There’s a moment early in the game that made me realize I won’t be able to save everyone. Abe gets locked in a room, unable to escape until enough Mudokons climb a giant ladder to hit the button that will unlock the room. As they climb, you have to distract waves of sligs from shooting them down. It’s tough. There are so many sligs and you can only possess one at time. While you’re in control of one shooting another, a third, fourth, and fifth are mowing down scores of Mudokons. After countless attempts at saving all 200 Mudokons I had to give up otherwise I’d never see the rest of the game. It made me think that perhaps this is working as intended, that this was the game teaching me that this time, Abe won’t be able to save everyone. I inscribed the 36 Mudokons I lost upon my heart and solemnly moved on…to another room that made me repeat the encounter.

It’s demoralizing as hell watching sligs shoot down your friends.

It’s demoralizing as hell watching sligs shoot down your friends.
Screenshot: Oddworld Inhabitants, Inc.

What was so enjoyable about the older Oddworld games was looking at a problem—say a room designed to be nothing more than an elaborate deathtrap—and figuring out how to navigate you and your zero survival instinct having buddies to safety. This experience with the ladder kinda undercut that and made the challenge less about your ability to shrewdly plan and more about your ability to button mash.
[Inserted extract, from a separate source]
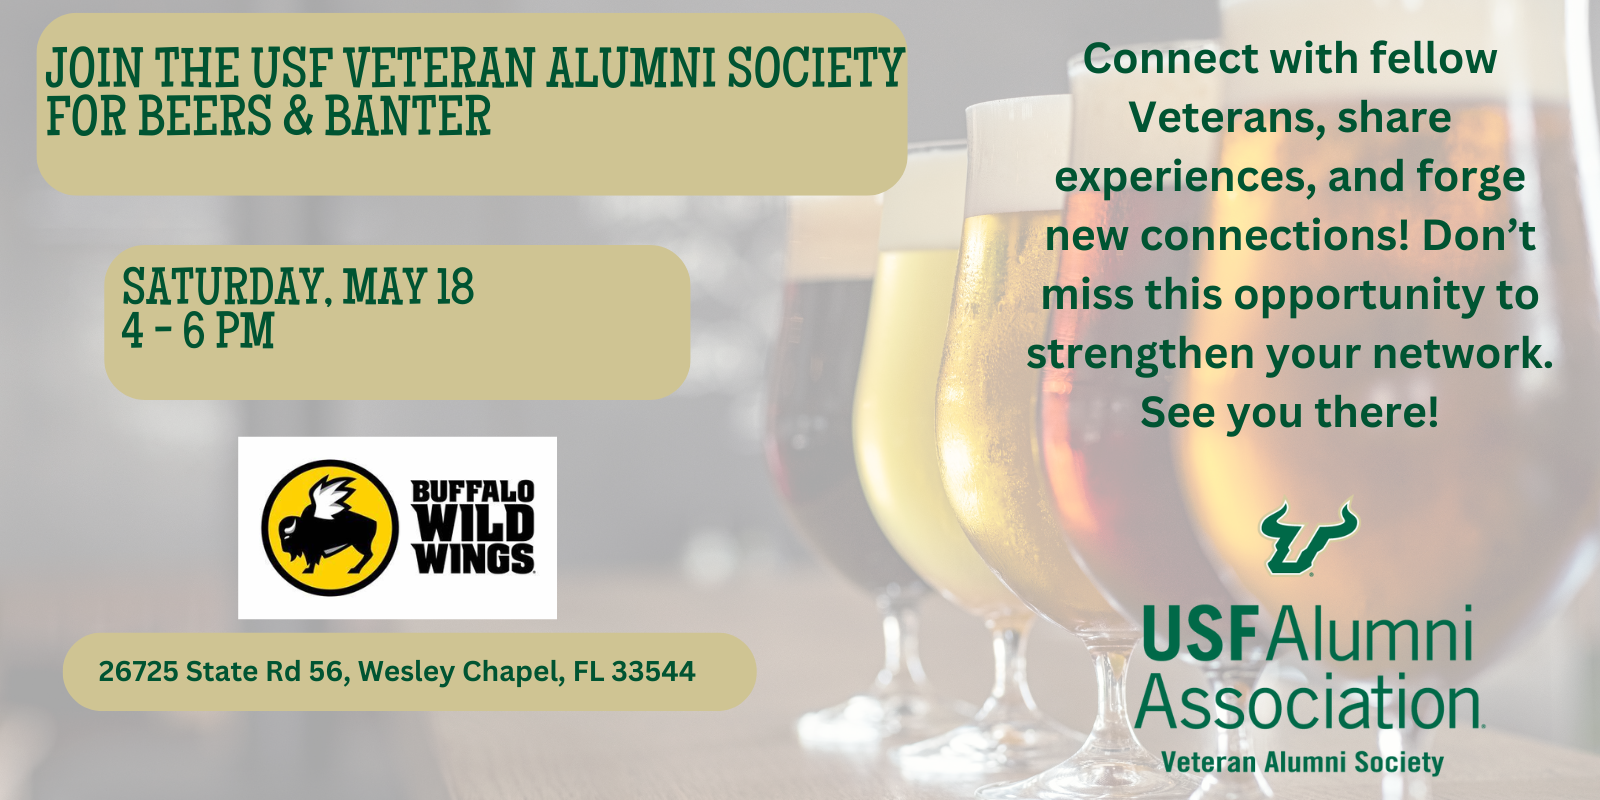 Flyer promoting "Beers and Banter" event hosted by the USF Veteran Alumni Society on May 18
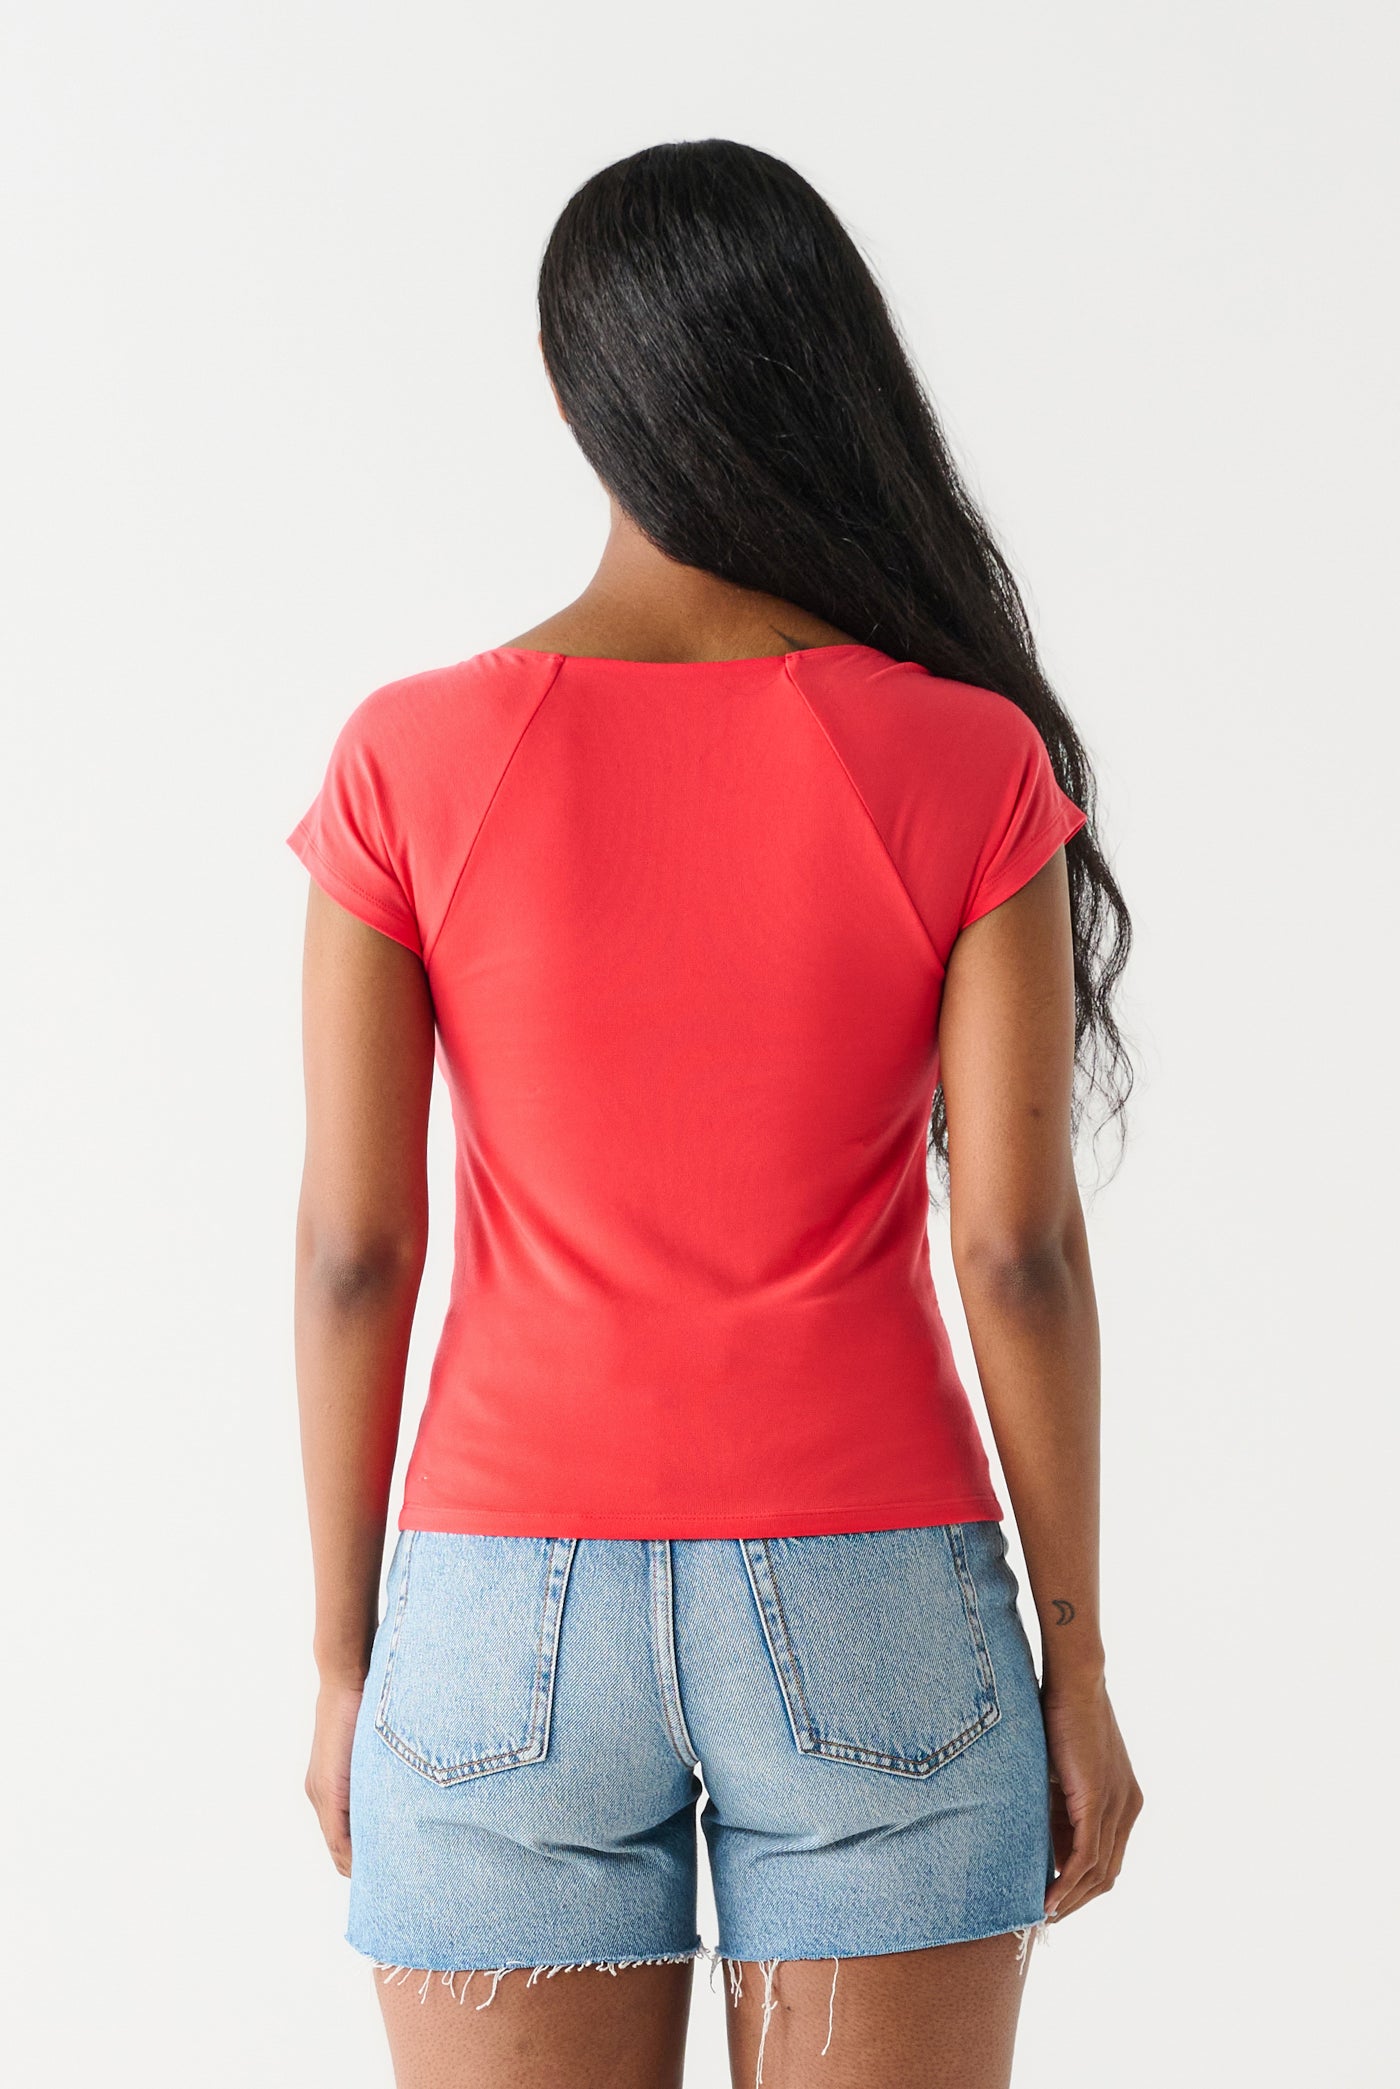 Sweetheart Top-Short Sleeves-Vixen Collection, Day Spa and Women's Boutique Located in Seattle, Washington

I’m not a button masher, so I failed.

Another moment similarly forced me to accept casualties but this time it was because of a bug and not puzzle design. The portals you use to send your Mudokons to freedom are made up of little birds that scatter when you get too close. Usually when that happens, you wait a moment and the birds reappear or you can transition screens and comeback to respawn the portal. The bug I encountered permanently despawned a portal and nothing I did could bring it back. I was forced to leave the Mudokons I collected in the area behind because they couldn’t follow me to the next area where another portal might have been waiting. I’ve already resigned myself to a second playthrough later in the year when walkthroughs are available.

I’m not yet finished with the game, which is why this isn’t a full review. I’m about six or seven hours in. And despite feeling initially underwhelmed by the lack of a challenge, I am enjoying myself. I’ve always loved the first two Oddworld games so having a souped-up version of Exoddus is catnip to my teenage self. I’m hoping the story finds the right balance between Abe’s quest as the chosen one and the wacky gross-out humor that made the initial games so charming. I’m also hoping later levels are constructed with the old Oddworld in mind—more reliant on your problem-solving ability than having the right number of doohickies in your backpack.